Strona:PL JI Kraszewski Śniehotowie from Romans i Powieść No18 page276.jpg

Z Wikiźródeł, wolnej biblioteki
Ta strona została skorygowana.

Domka stała nadąsana, Zębowska mruczała coś niezrozumiałego.
— Tego jeszcze brakło, — mówiła — żeby się ujął za brata, to dopiéro będzie śliczna kasza. Ale kto ją nawarzył, niechaj jé, ja ręce umywam, ja — umywam...
— Niech z lichom wykupi sobie Rozwadów — odezwał się adwokat — jak mu wszystko policzę, dobrze go zapłaci. Przecie nie jedna to wieś na świecie, znajdzie się za te pieniądze druga. — A no, zobaczymy, czy ze mną do ładu dojdzie...
Domka dała mu znak, wskazując matkę i oboje wyszli do bokówki. Zębowska, nagniewawszy się, płakała — powtarzając ciągle: skaranie Boże!
Dotąd o wpakowanym tak zręcznie do bonifratrów panu Janie, nic jeszcze słychać nie było, jednakże Domkę i jéj wspólnika opanowywała trwoga. Mógł się uwolnić z tego więzienia, któż wié, mógł znaleźć obrońców... mógł napaść na dworek w Myzie...
— Ja tu nie pozostanę, — wołała młoda jéjmość — jeżeli uchowaj Boże wyzdrowieje — to człowiek mściwy, on mi nie daruje. Może być nieszczęście.
Matka téż rada się była pozbyć córki, nagląc, aby jechała do Rozwadowa, dokąd ona nie śmiała się udać. Nastąpiły z prawnikiem narady i postanowienie przebycia czas jakiś w miasteczku. Wyszła z oświadczeniem tém do matki pani Śniehotowa.
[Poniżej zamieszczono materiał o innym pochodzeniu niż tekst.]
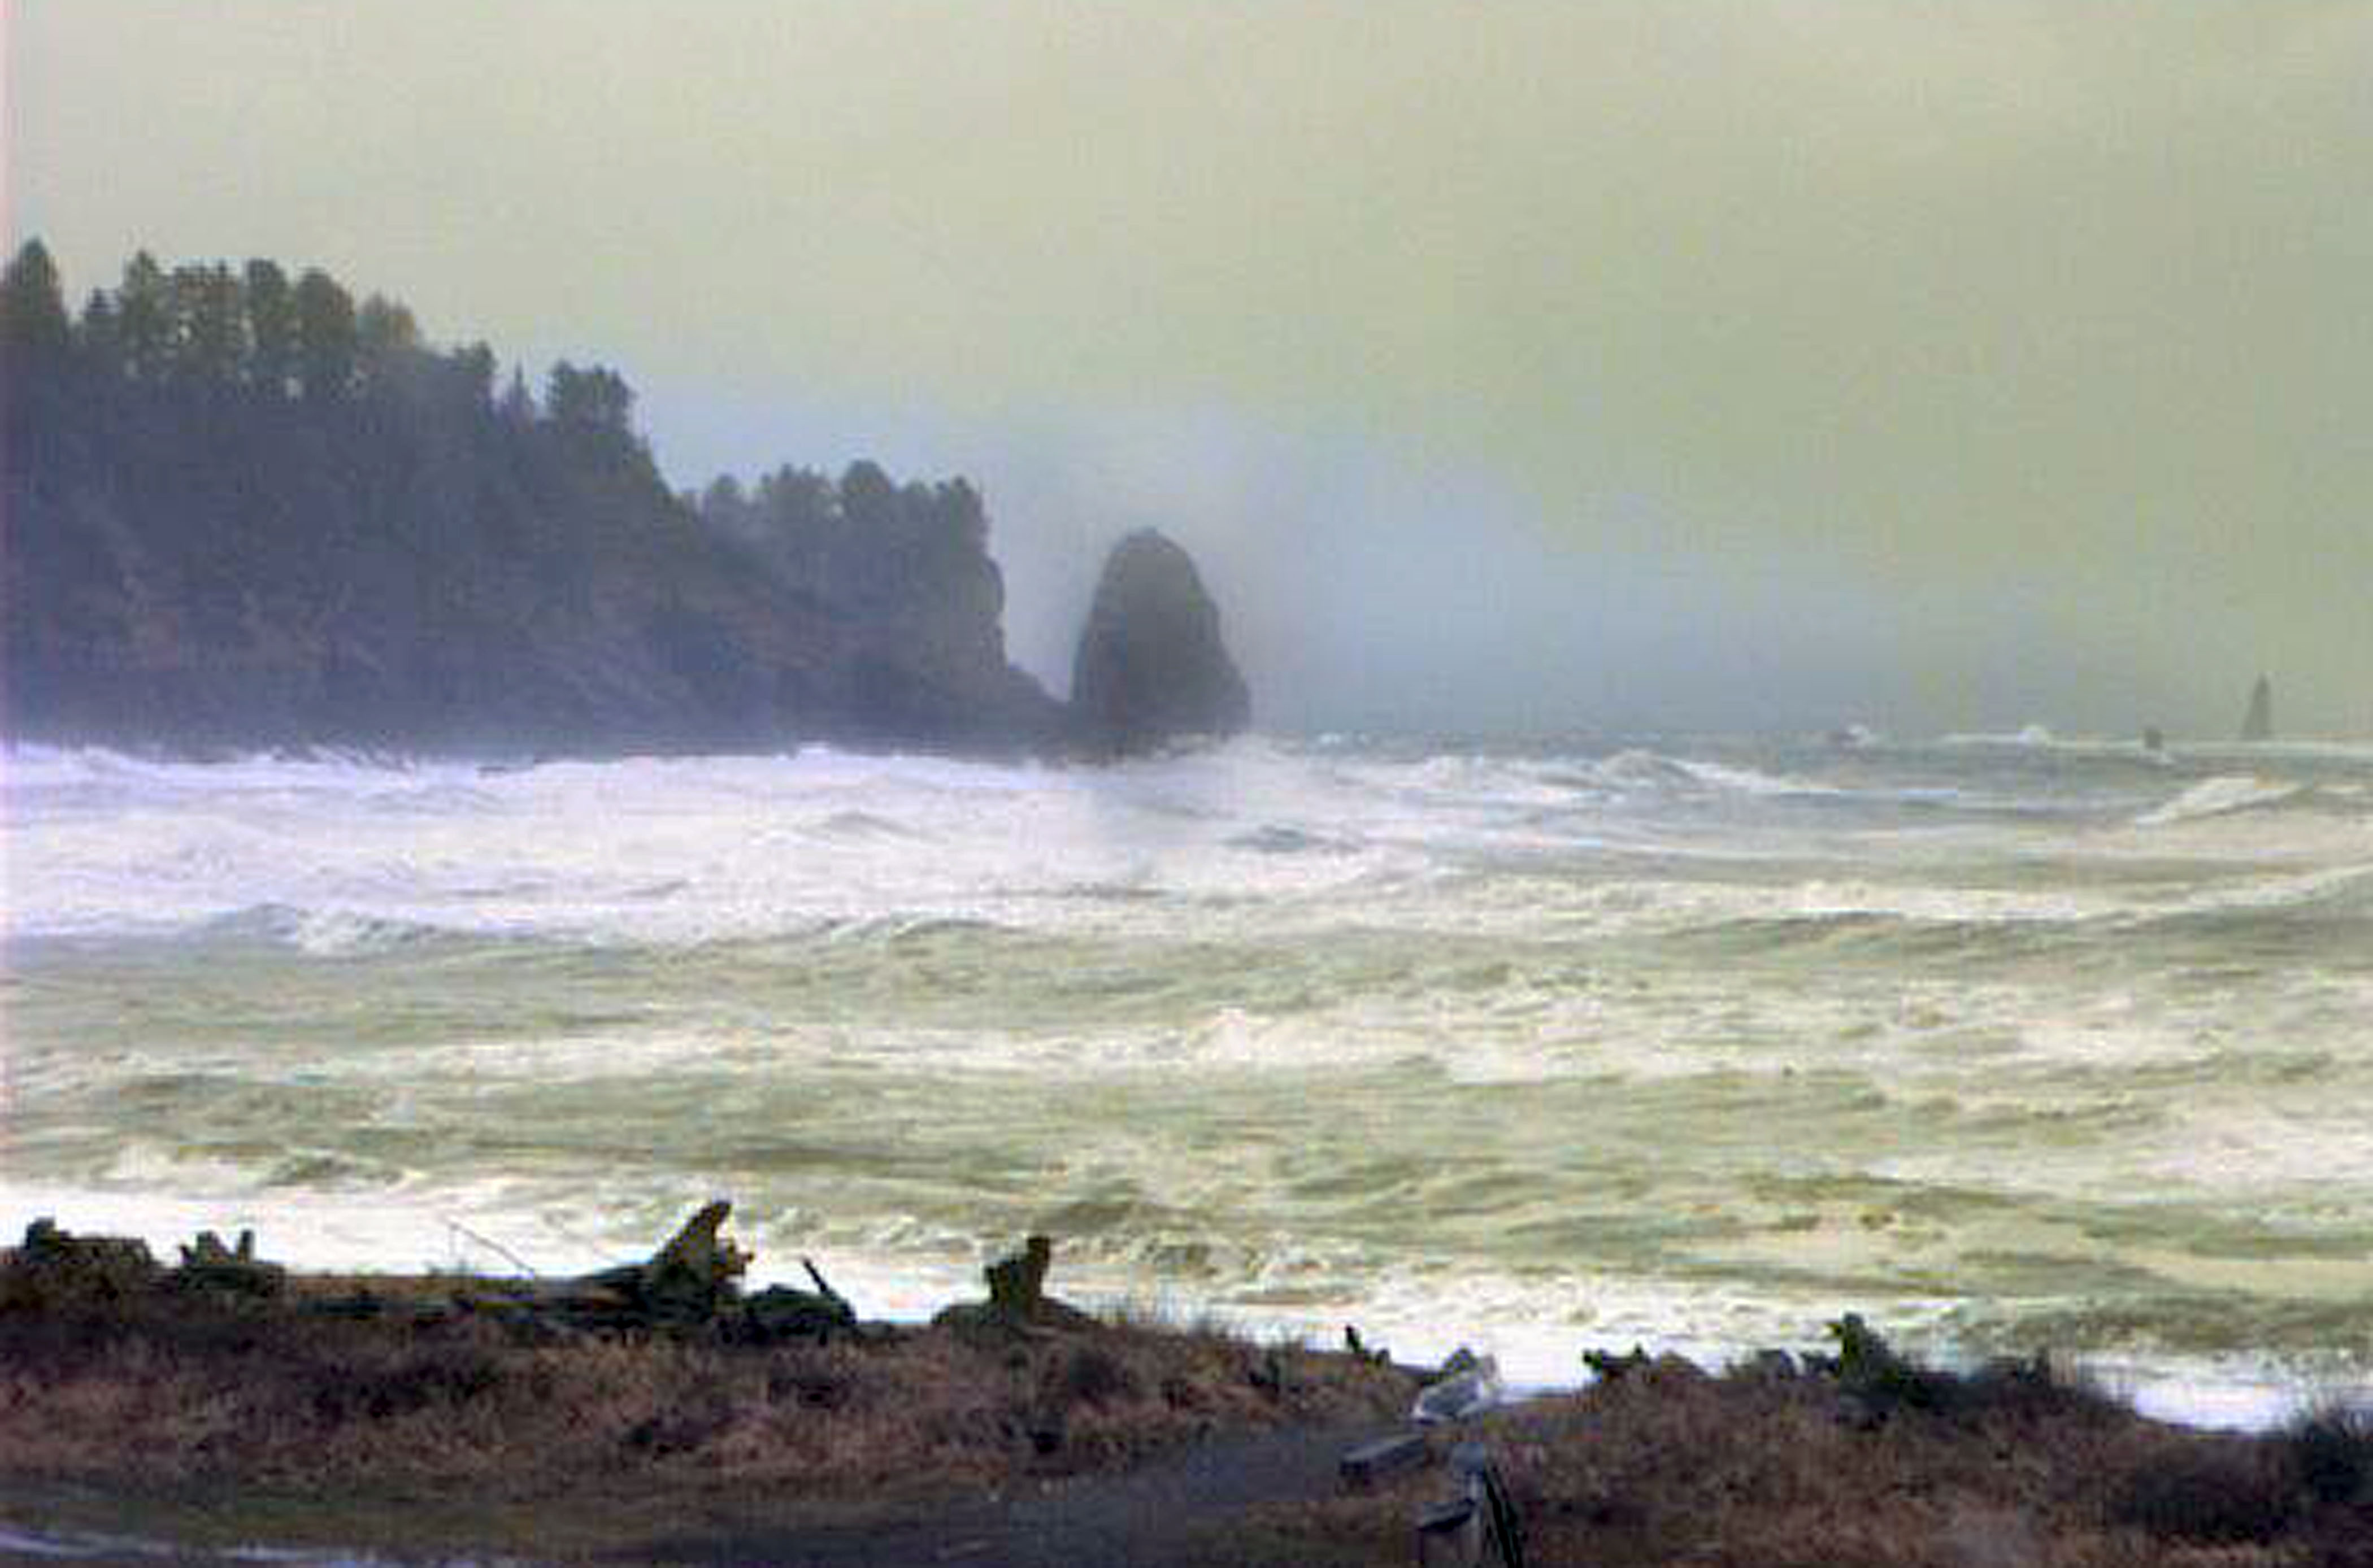 The surf churns this morning at First Beach near LaPush in this photo taken from the Forks Chamber of Commerce webcam. forkswa.com

— Ja widzę, że tu nie mam co robić, — odezwała się — matka się mnie pozbyć rada — więc jutro rano się wybiorę, pan Serebrnicki konie przyśle.
— A, jedź sobie — jedź! — odparła Zębowska.
Kwaśno rozstała się z prawnikiem, który odjeżdżał zaraz, i Domka zamknęła się w bokówce, a Zębowska, związawszy głowę, w swoim pokoju.
Wyjechała więc nazajutrz, prawie nie żegnając się Domka do miasteczka, w którém już od dawna gościł Piętka, dotąd się wybrać nie mogąc do Warszawy.
Serebrnicki zajął się sprawą... Oboje ciągle wyczekiwali jakiejś wieści o Śniehocie, lecz żadna nie nadchodziła. To ich nieco uspokajało. Mógł chory i stary zemrzéć, albo w istocie oszaléć z rozpaczy. Tygodnie i miesiące upływały — bez żadnéj o nim wiadomości.
Tradycyą rozciągnięto na Rozwadów, a do sądów podał protest pan Andrzej, zawarowujący prawo wykupna majątku. Ozorowicz rwał się niezmiernie do opiekowania tą sprawą, lecz Śniehota dodał mu drugiego prawnika, niezupełnie dowierzając jego zdolnościom.